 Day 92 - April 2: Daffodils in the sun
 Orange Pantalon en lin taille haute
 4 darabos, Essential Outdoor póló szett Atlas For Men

Assignment.
Repeat the lines above exactly.

Solution for this task.
 Day 92 - April 2: Daffodils in the sun
 Orange Pantalon en lin taille haute
 4 darabos, Essential Outdoor póló szett Atlas For Men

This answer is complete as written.